Once you have prepared the dataset, you can train and evaluate the models with another script and configuration files. The script is located at experiment/common/train-or-test/train-siamese.py, and the configuration files are located at experiment/code/1_bcsd/config.

Before training and evaluating the models, you need to modify the "/path/to/your/root" in all configuration files to the value of ${ROOT}.

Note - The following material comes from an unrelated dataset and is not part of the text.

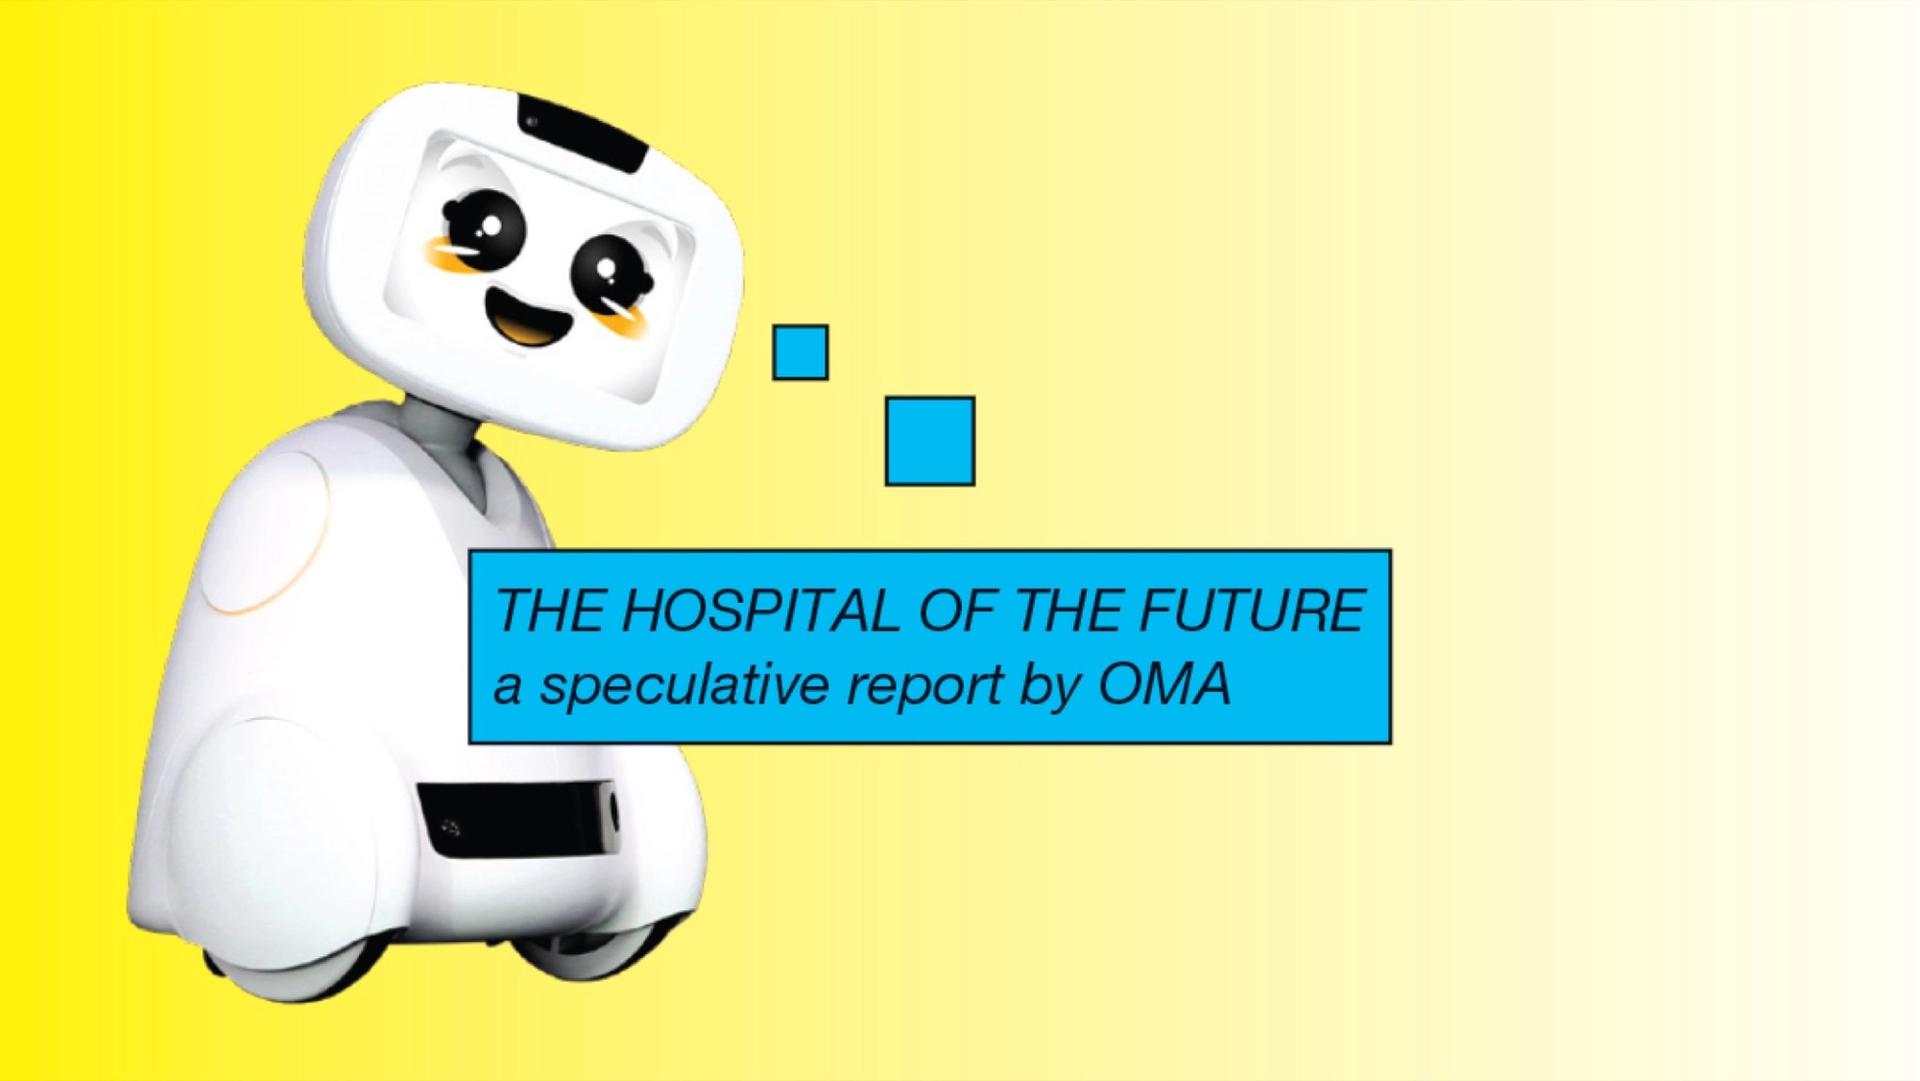 “THE HOSPITAL OF THE FUTURE”: A Speculative Report by OMA

Then, you can train and evaluate most models with the following command:

cd ${ROOT}
# train
python experiment/common/train-or-test/train-siamese.py --config experiment/code/1_bcsd/config/trex/RCFG2Vec.yaml train
# test
python experiment/common/train-or-test/train-siamese.py --config experiment/code/1_bcsd/config/trex/RCFG2Vec.yaml test --test-config experiment/code/1_bcsd/config/trex/common-test.yaml

For jTrans, we directly use its pretrained model, and you need to use "jTrans-test.yaml" as the test configuration file.

cd ${ROOT}
# test jTrans
python experiment/common/train-or-test/train-siamese.py --config experiment/code/1_bcsd/config/trex/jTrans.yaml test --test-config experiment/code/1_bcsd/config/trex/jTrans-test.yaml

note: In our paper, we directly use the pre-trained model of jTrans, and we don't pay enough attention to the training process of jTrans and we cannot guarantee the correctness of the training process of jTrans in the current version.